Table Sharding
The sharding of stored data is essential to any distributed database. This document will describe how table's data in GreptimeDB is being sharded, and distributed.
Partition
In GreptimeDB, logically, data is sharded in partitions. Because GreptimeDB is using "table" to group data and SQL to query them, we borrow the word "partition", which is a concept commonly used in OLTP databases.
In GreptimeDB, a table can be horizontally partitioned in multiple ways and it uses the same partitioning types (and corresponding syntax) as in MySQL. Currently, GreptimeDB supports "RANGE COLUMNS partitioning".
Each partition includes only a portion of the data from the table, and is grouped by some column(s) value range. For example, we can partition a table in GreptimeDB like this:
CREATE TABLE (...)
PARTITION ON COLUMNS (<COLUMN LIST>) (
    <RULE LIST>
);
The syntax mainly consists of two parts:
- PARTITION ON COLUMNSfollowed by a comma-separated list of column names, which specifies which columns might be used for partitioning. The partition list specified here is only used as an "allow list", and in reality only a portion of the columns specified here will be used for partitioning.
- RULE LISTis a list of multiple partition rules, each of which is a combination of a partition name and a partition condition. The expressions here can use- =,- !=,- >,- >=,- <,- <=,- AND,- OR, column name and literals.

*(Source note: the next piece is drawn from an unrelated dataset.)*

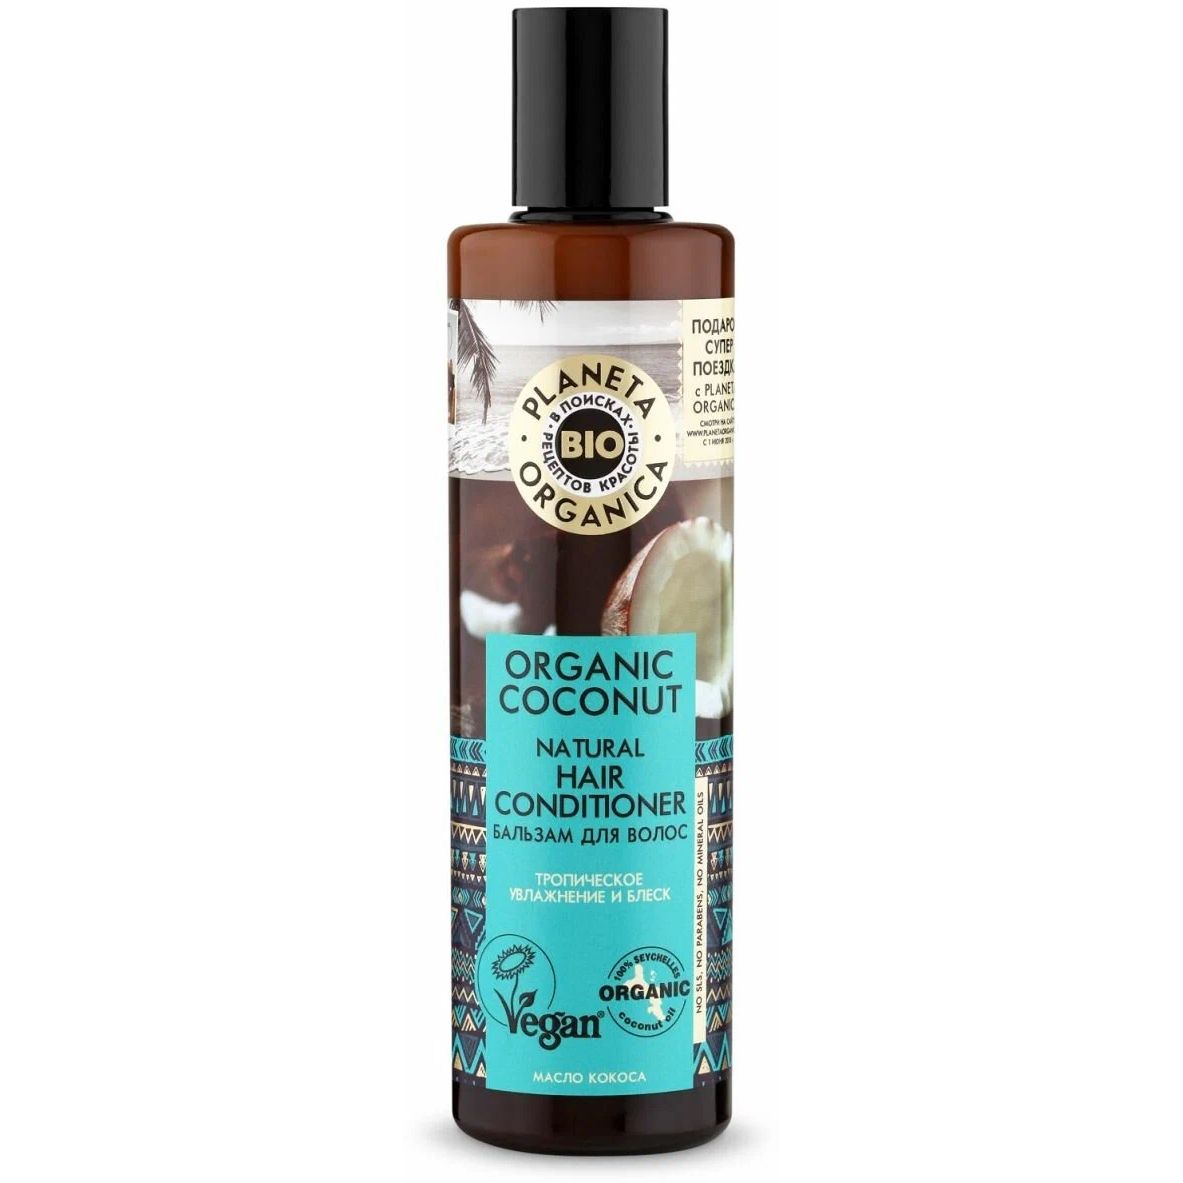 Бальзам для волос PLANETA ORGANICA Organic Coconut увлажнение и блеск, 280 мл

Here is a concrete example:
CREATE TABLE my_table (
  a INT PRIMARY KEY,
  b STRING,
  ts TIMESTAMP TIME INDEX,
)
PARTITION ON COLUMNS (a) (
  a < 10,
  a >= 10 AND a < 20,
  a >= 20,
);
The above my_table has 3 partitions. The first partition contains rows where "a < 10", the second partition contains rows where "10 <= a < 20", and the third partition contains all rows where "a >= 20".
- The ranges of all partitions must not overlap.

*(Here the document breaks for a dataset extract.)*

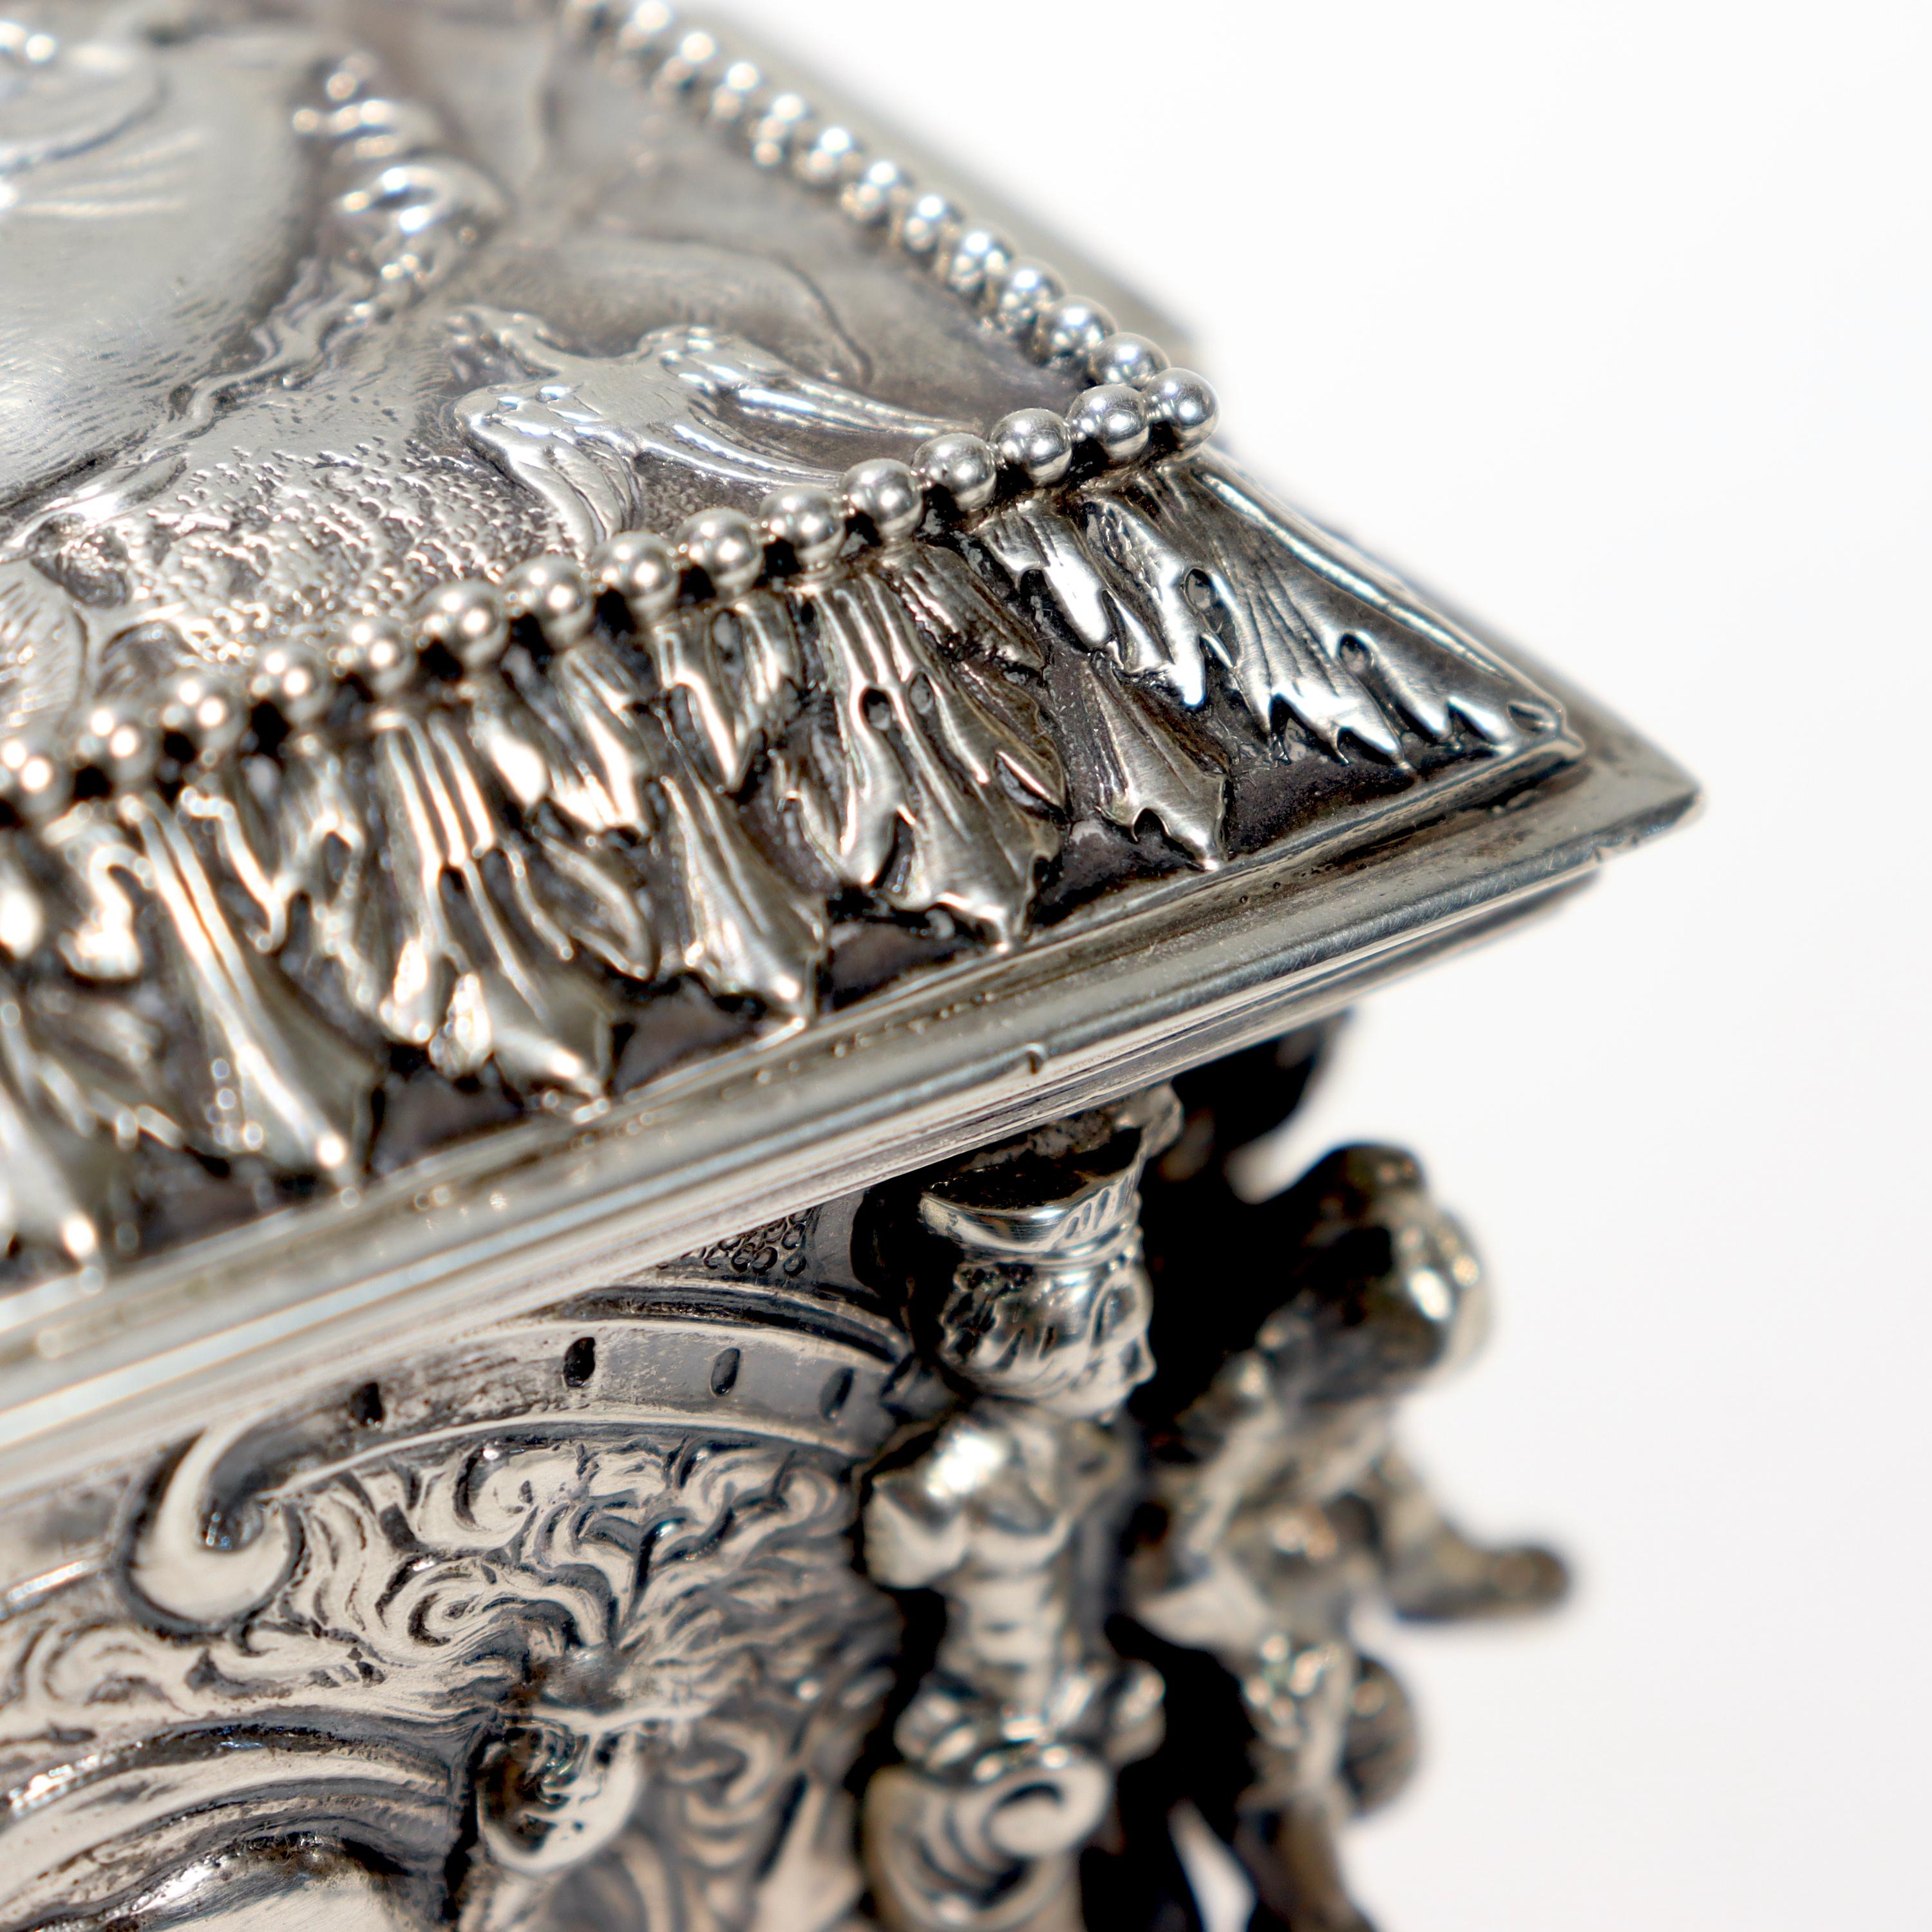 Antique German Figural Renaissance Revival Solid Silver Table Box or Casket For Sale 13

- The columns used for partitioning must be specified in ON COLUMNS
Currently expressions are not supported in "PARTITION BY RANGE" syntax, you can only supply column names.
Region
The data within a table is logically split after creating partitions. You may ask the question "
how are the data, after being logically partitioned, stored in the GreptimeDB? The answer is in "Region"s.
Each region is corresponding to a partition, and stores the data in the partition. The regions are distributed among
Datanodes. Our
metasrv will move regions among Datanodes automatically, according to the states of Datanodes.
Also, metasrv can split or merge regions according to their data volume or access pattern.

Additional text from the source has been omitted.